LA28 plans ambitious Coliseum makeover, building a track on top of the existing field

There was no way to bring the Olympics back to Los Angeles for a third time without holding track and field at the Coliseum. Not with all those ghosts knocking around.

Babe Didrikson Zaharias competed at the historic stadium during the 1932 Summer Games, winning the javelin and hurdles. Carl Lewis won four golds there in 1984, a competition that also featured the infamous Zola Budd-Mary Decker collision in the 3,000 meters.

But as local organizers devised plans for the 2028 Olympics, they faced a basic dilemma: There wasn’t enough room on the Coliseum floor for, well, a track.

Renovations in the early 1990s added 14 rows of seats at the bottom of the bowl, moving the stands closer for football, shrinking the size of the field. The LA28 organizing committee needed a temporary fix.

The solution will require thousands of columns and metal plates to build a new floor about 11 feet above the current one. Because the bowl slopes away in all directions, this elevated surface will have room to stretch out, covering all those added seats.

For a city that has enough existing world-class venues to host the Games without major construction, the $100-million project represents what LA28 chairman Casey Wasserman calls “the most-expensive and probably complicated thing we actually have to build.”

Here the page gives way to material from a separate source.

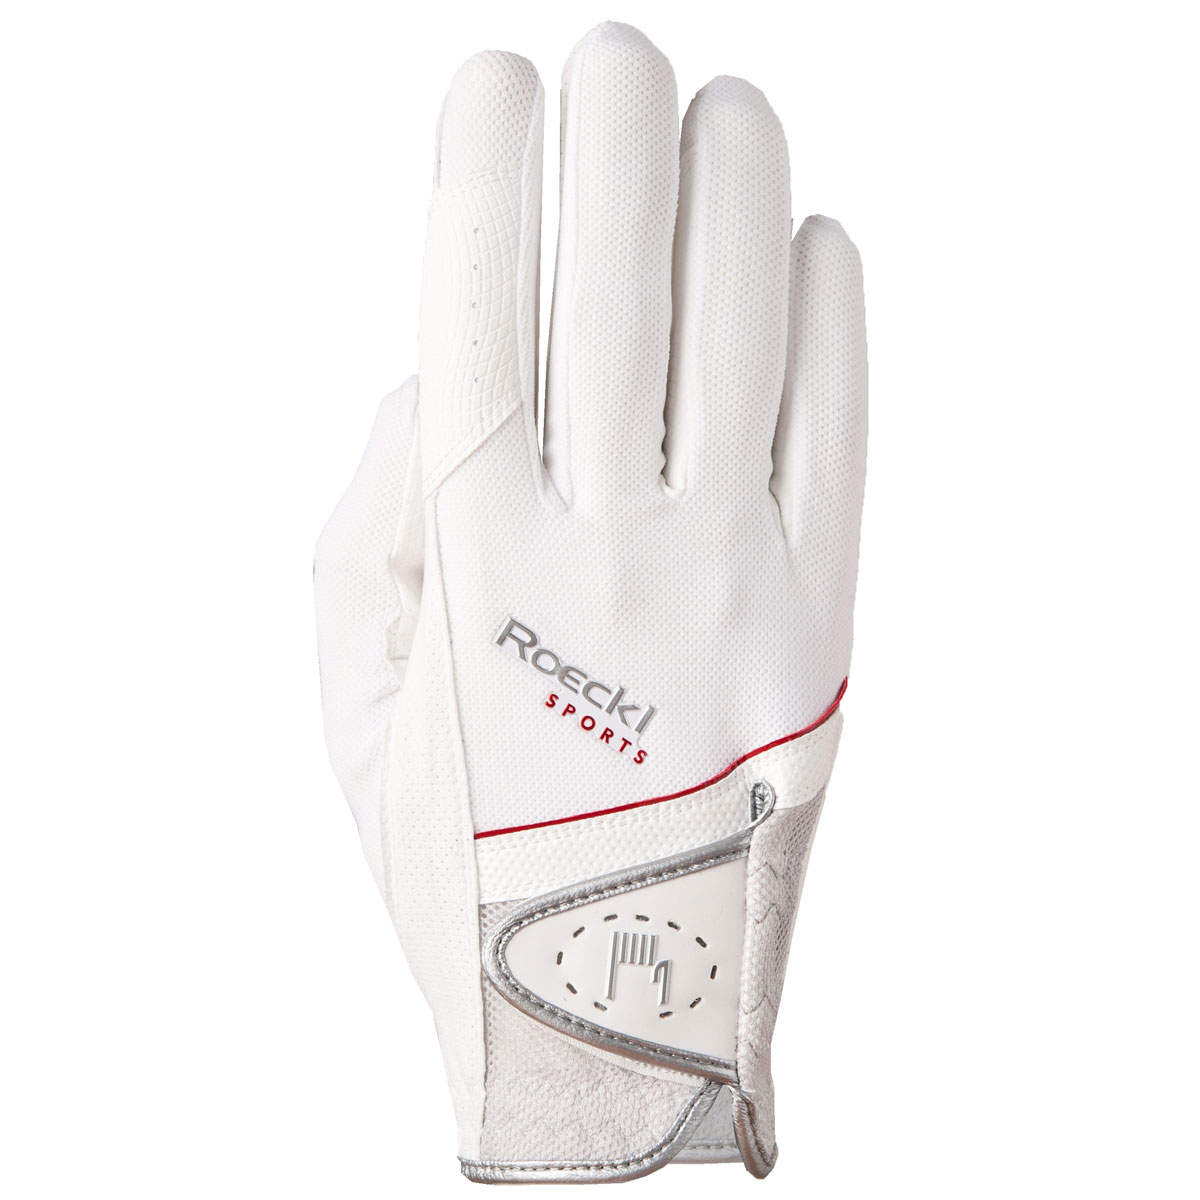 Roeckl London Glove

Not everyone is thrilled about the stadium’s role for 2028. A Coliseum official has expressed disappointment about a proposed opening ceremony that would begin under his renowned peristyle, but shift to the newer, glitzier SoFi Stadium for formal protocols.

“The torch and the parade of nations and the Olympic oath all should take place at the Coliseum,” said George L. Pla, president of the Coliseum Commission.

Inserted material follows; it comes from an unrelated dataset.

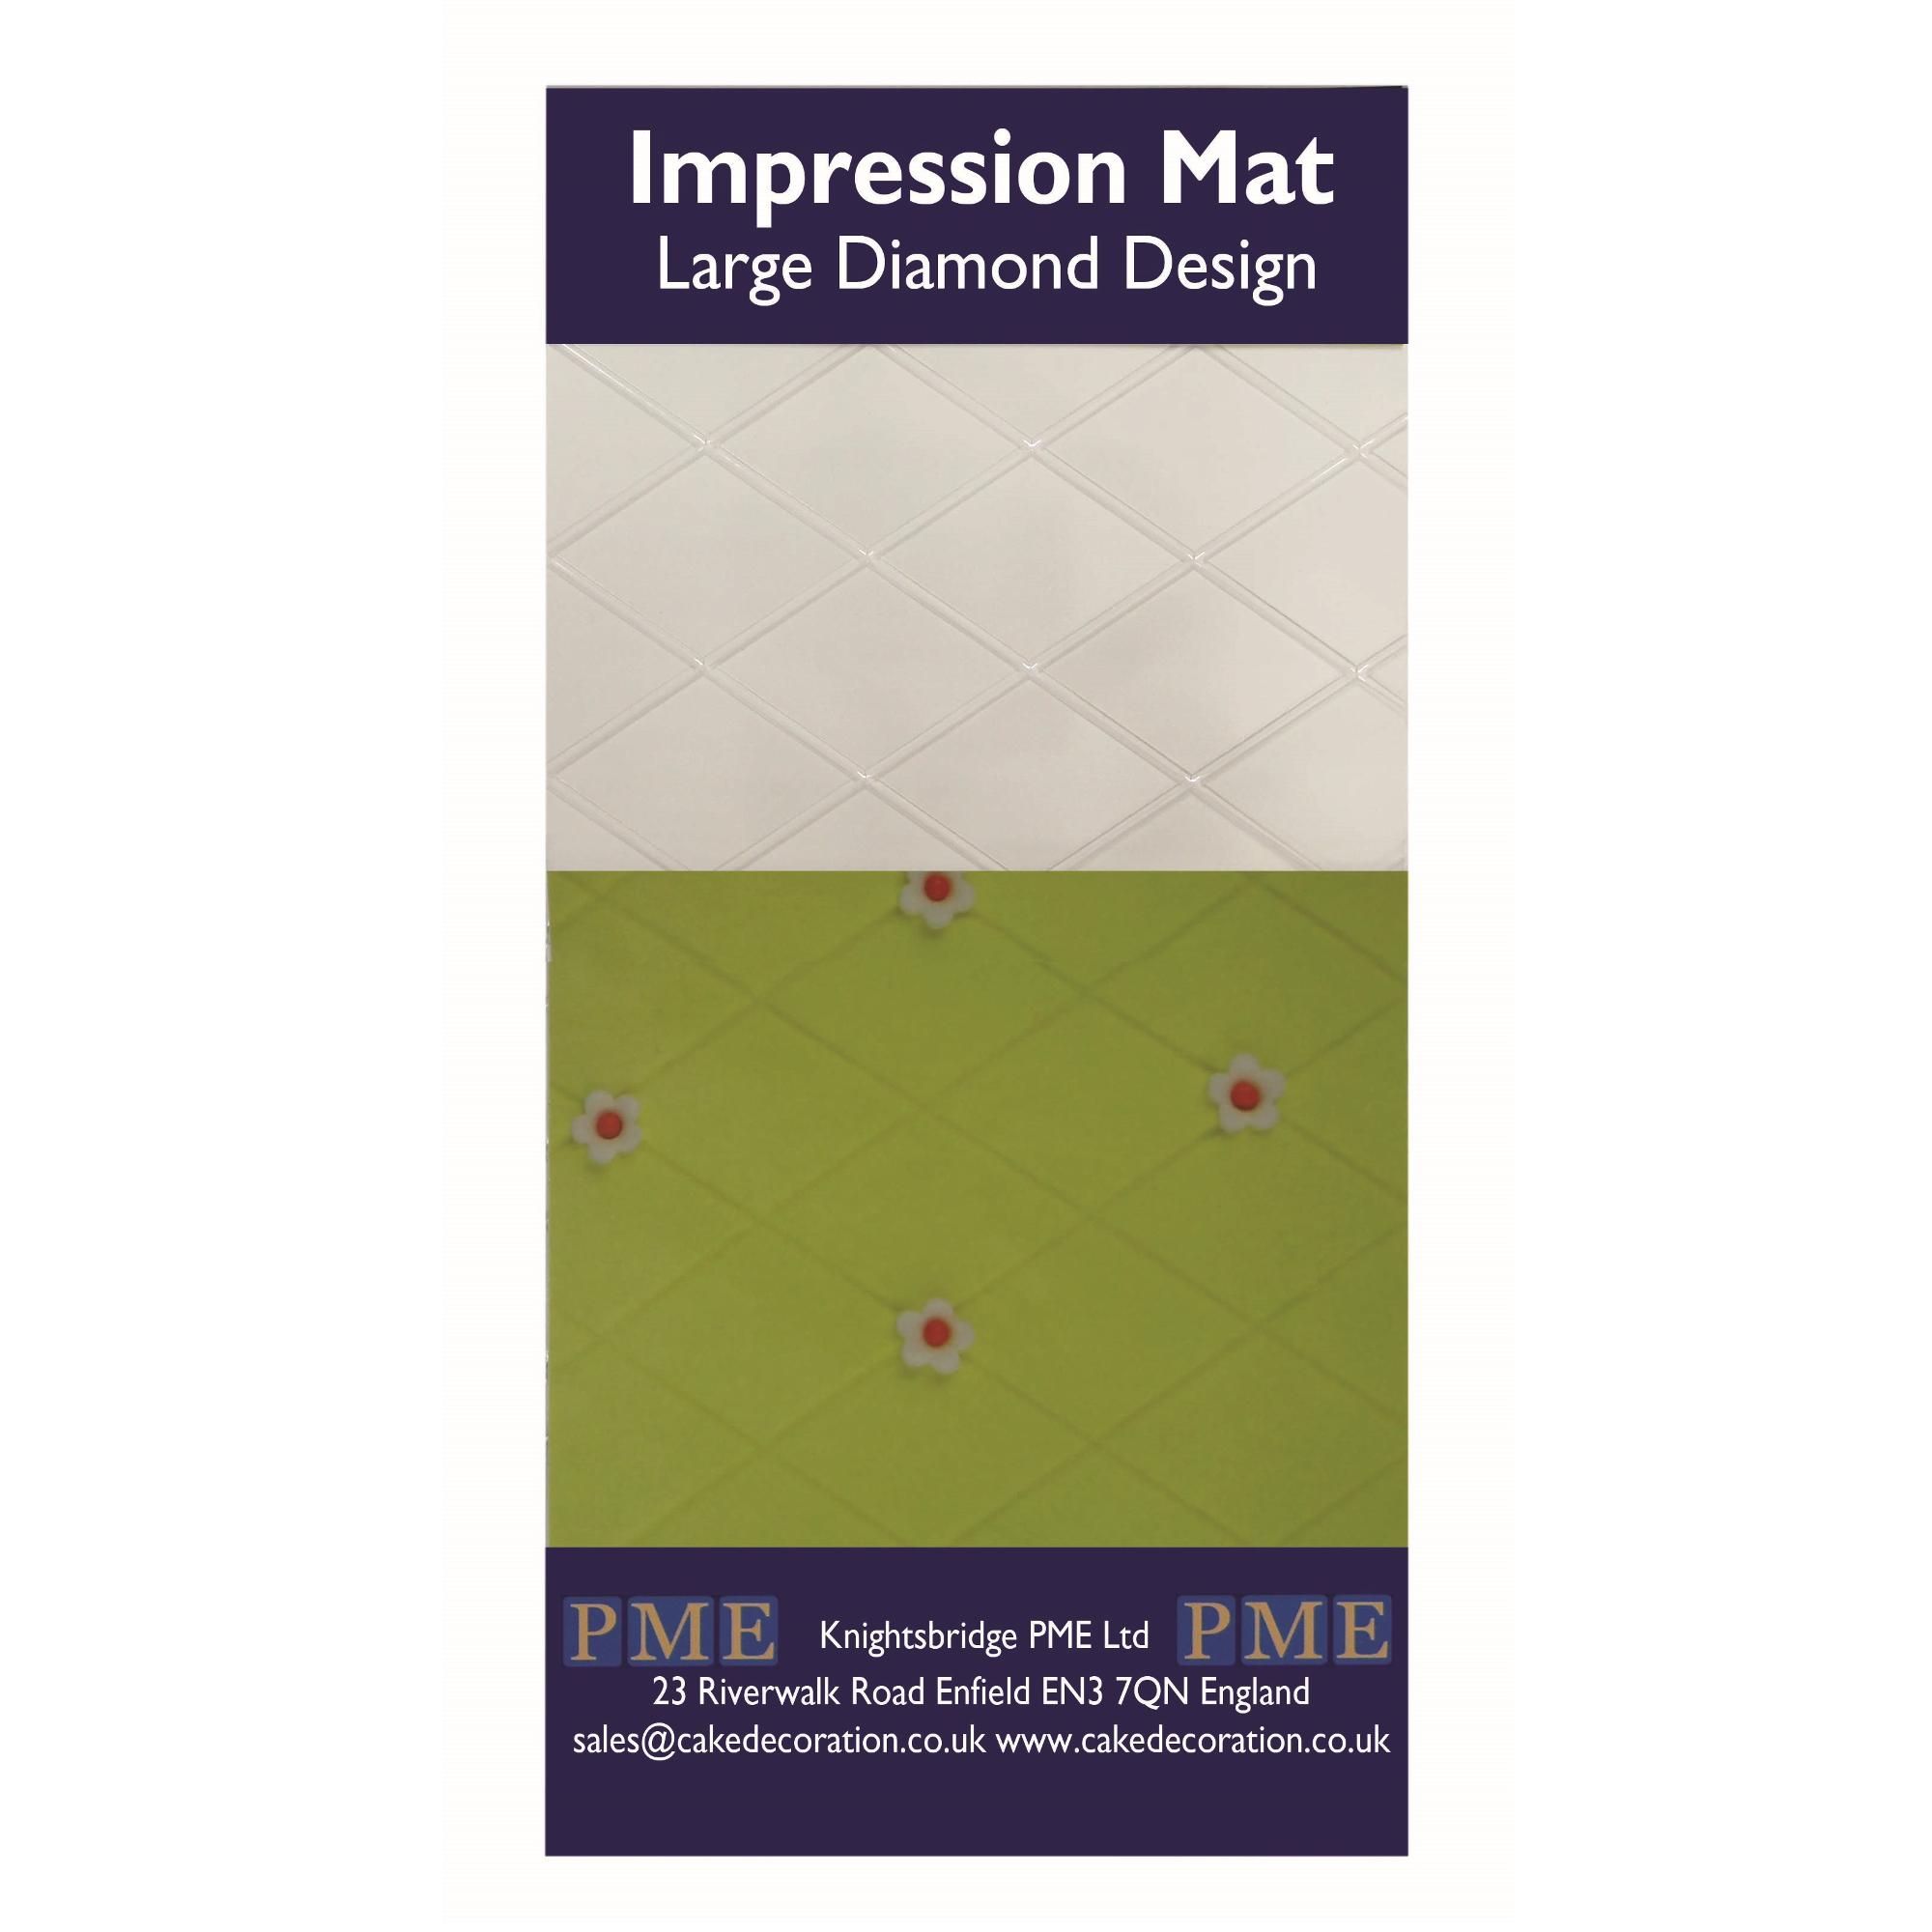 PME Icing Fondant Impression Imprint Mat Sugarcraft Candy Cake Decorating Mould

LA28 executives insist they are committed to showcasing the historic venue at both the Summer Games and the subsequent Paralympics. John Harper, chief operating officer, described it as “a beacon.”

Plans for track competition there began several years ago when organizers researched technology that had been used for European sports events. At the 2014 Commonwealth Games in Glasgow, Scotland, workers installed 6,000 columns and nearly 200,000 tons of steel components to create an elevated field.

To do something similar at the Coliseum, LA28 expects to begin construction as soon as USC plays its last football game of the 2027 season.

Turf and dirt will be scraped away to expose the stadium’s concrete base and adjustable columns will be arranged every 10 or so feet. The work will be laborious if only because the Coliseum has only one access point from outside — the tunnel where Trojan football players run onto the field. Some building materials might have to be lifted over top of the bowl with a giant crane.

“It’s an incredibly complex build in that it’s an incredibly tight space,” said Bill Hanway, executive vice president for AECOM, an infrastructure consulting firm hired to oversee much of LA28’s preparations.

After laying a metal deck across the top of the columns, workers will add almost two feet of gravel and soil to create a stable base. Then comes a synthetic track and a turf infield for events such as discus and javelin.

The space underneath the floor could be used for a warm-up area and the call room, where athletes check-in before competing. LA28 is considering a mechanical platform that would slowly raise athletes to field level for a dramatic entrance before, say, the women’s 100 meters.

“We are incredibly excited about having the Games in Los Angeles,” said Max Siegel, chief executive of USA Track & Field. “Just the innovative thinking that they have.”

Constructing all this during seven or so months — after waiting for football season to end — means the stadium might not be ready for Olympic test events or the U.S. track trials in the early summer of 2028. It means crews will have to work quickly to restore the field for USC’s football home opener in the fall.

“I guess the good thing is we have all our venues in place,” Wasserman said of Southern California’s existing stadiums and arenas. “The flip side of that is, they’re used a lot.”

If spending $100 million on a temporary remodel seems extravagant, LA28 needed a major stadium for track — one of the most-popular Olympic sports — and faced similar challenges with options such as SoFi or the Rose Bowl.

“When you think about the cost compared to a new stadium,” said Hilary Ash, vice president of Games delivery and infrastructure for LA28, “it doesn’t even compare.”

Once the Games begin, organizers won’t waste any time showing off their work: They have decided to flip the usual Olympic schedule, moving the track competition from the back half of the 17-day Games to the very start.

“We have world-class athletics at the Coliseum the first day after the opening ceremony and that hasn’t happened in a long time,” Wasserman said. “I think it’s going to really create a lot of energy.”